Temporary before permanent Exhibition

I visited Ann Chang’s exhibition “temporary before permanent” and spoke with the artist abut the work on display.  I attended as I wanted to explore the ideas behind what was out further, as I understood that it was about the practice of tattooing not being respected as a discipline.  I came to realise that in fact it is about far more than that for this artist on a personal level, but that at the same time it allowed me to explore further into the art and craft of tattooing, as tattooing contains both.

Firstly on a very personal level, Ann told me that after applying for a talent class of visa, with the expectation that the Arts Council would support this, it transpired that the Arts Council did not regarded tattooing as an art form.  This meant for the tattooing element of Anns creative output, no support was forthcoming, and no visa support meant no talent visa.  The Art’s Council are quoted verbatim from their rejection letter as follows:

“ We’ve had a look at this one and think it should be returned as ineligible as the majority of their evidence is related to tattooing. 

It’s a grey area as it is technically ‘art’ however, tattooing is not within our remit. It clearly lists tattoo artist as an ineligible area of practise in our guidance.”
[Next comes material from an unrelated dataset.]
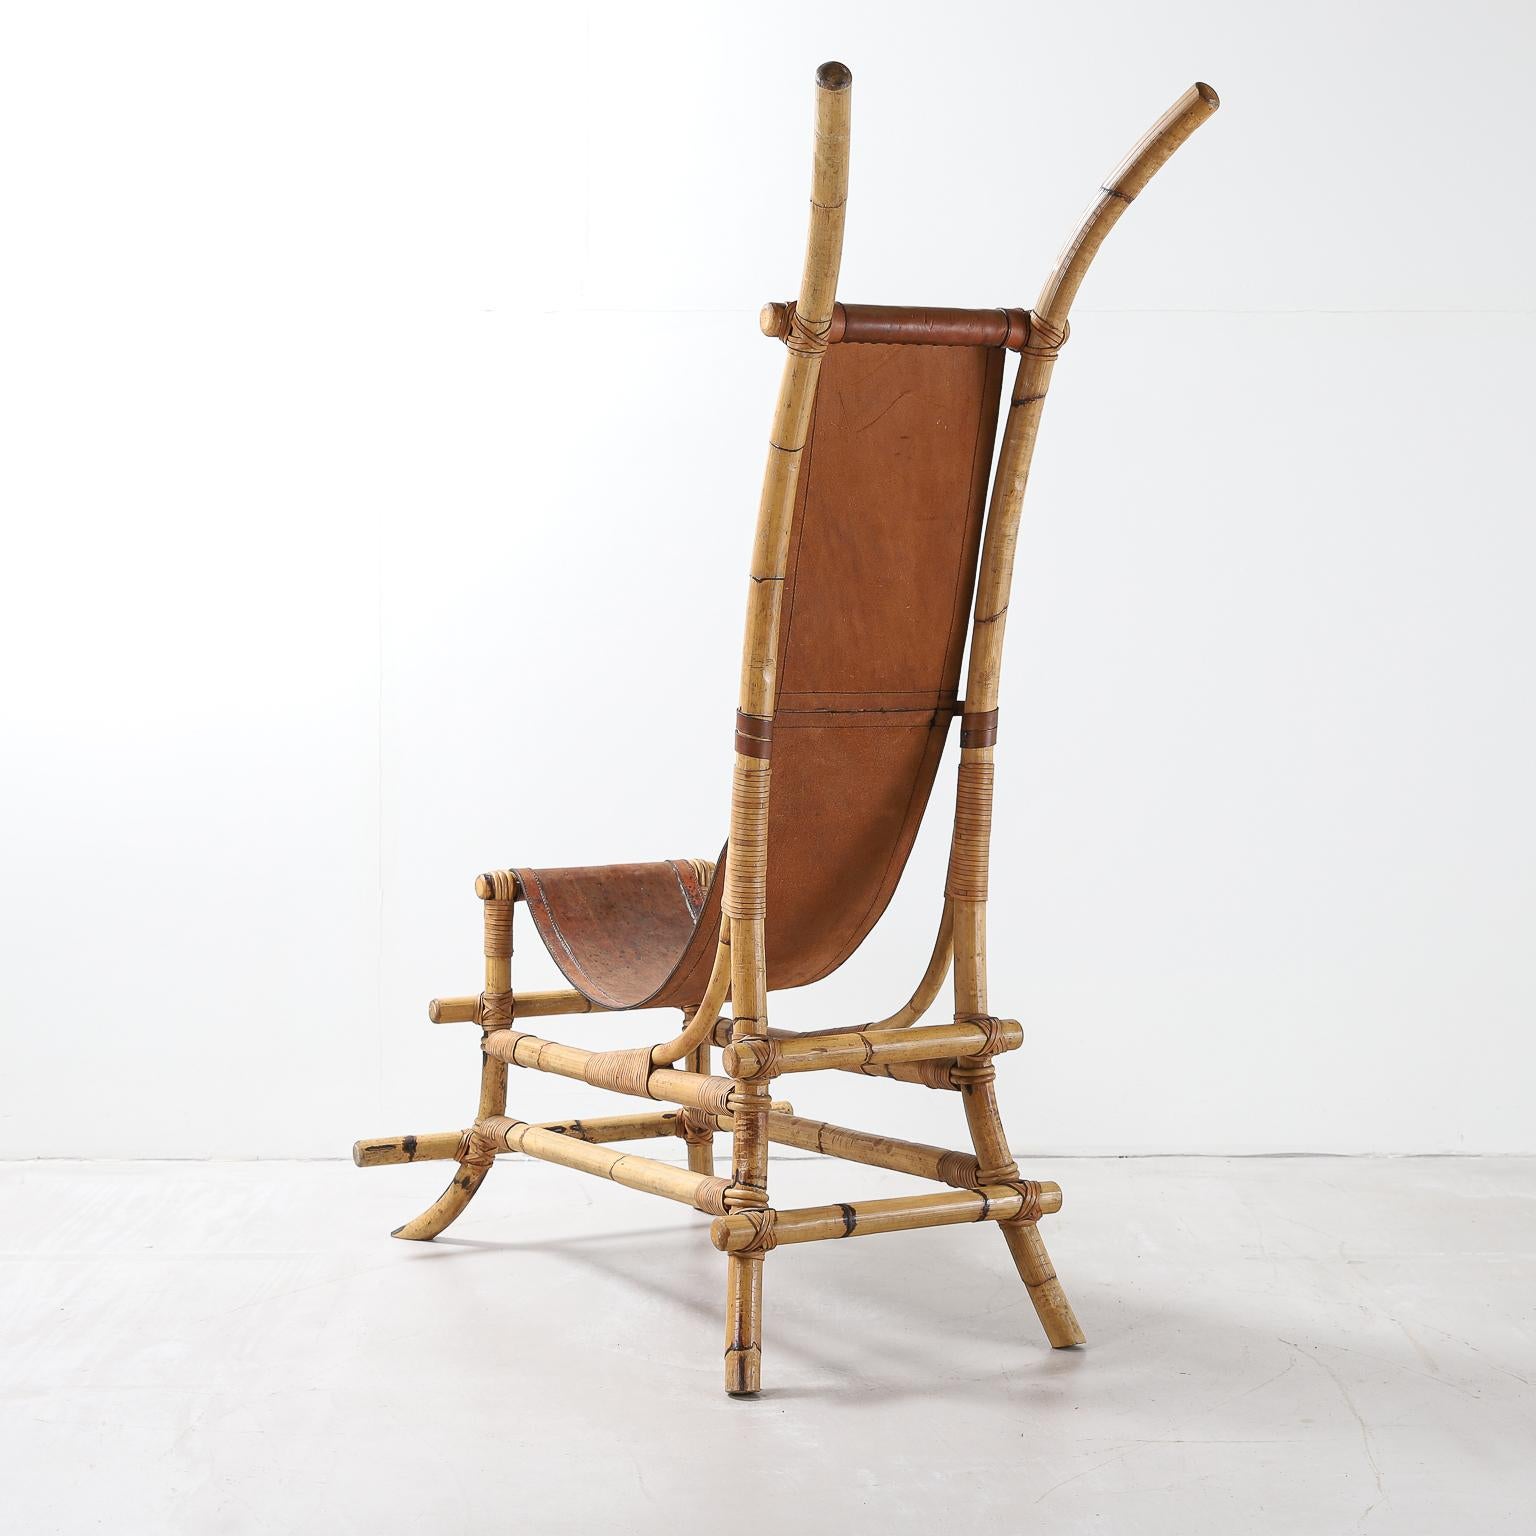 Italian 1970s Bamboo and Leather Sculptural Chair In Good Condition For Sale In London, Charterhouse Square

This left Ann in a difficult situation, as the bulk of Ann’s work was tattooing, however Ann did also draw, paint and engaged in performance art.  Yet the Art’s Council also denied Ann here, as they said Ann did not yet have enough recognition.  This then was the personal motivation behind the exhibition for Ann.  To create some buzz which would form part of the application for support form the Art’s Council, alongside other work.

Yet this was not Ann’s only motivation, the exhibition  was also a form of soft protest to show Anns ability.  Indeed all the work shown was Ann’s flash, or tattoo, drawings.  This clever subversion of the 

By the time I left the exhibition, I asked myself ‘Is Ann not a talented artist?’. Ann owns a tattoo studio, has 14.8k followers on her Instagram, and clearly has clients everyday. Ann self supports in the UK. Then I realised, of course its not enough and I am wrong to judge so quickly. I got angry so fast that the Arts Council England doesn’t think tattooing is art. To get a talented artist visa they need more than that. They need awards. They need to be published, get into exhibitions, need to be known in the arts circle not just on Instagram.

The question is, How can tattoo artist do that? Is there a competition for tattoo artist in the UK to get an award from? There are a lot of room in tattooing industry to be improve and again I want to change that not just protect the art work but also the artist.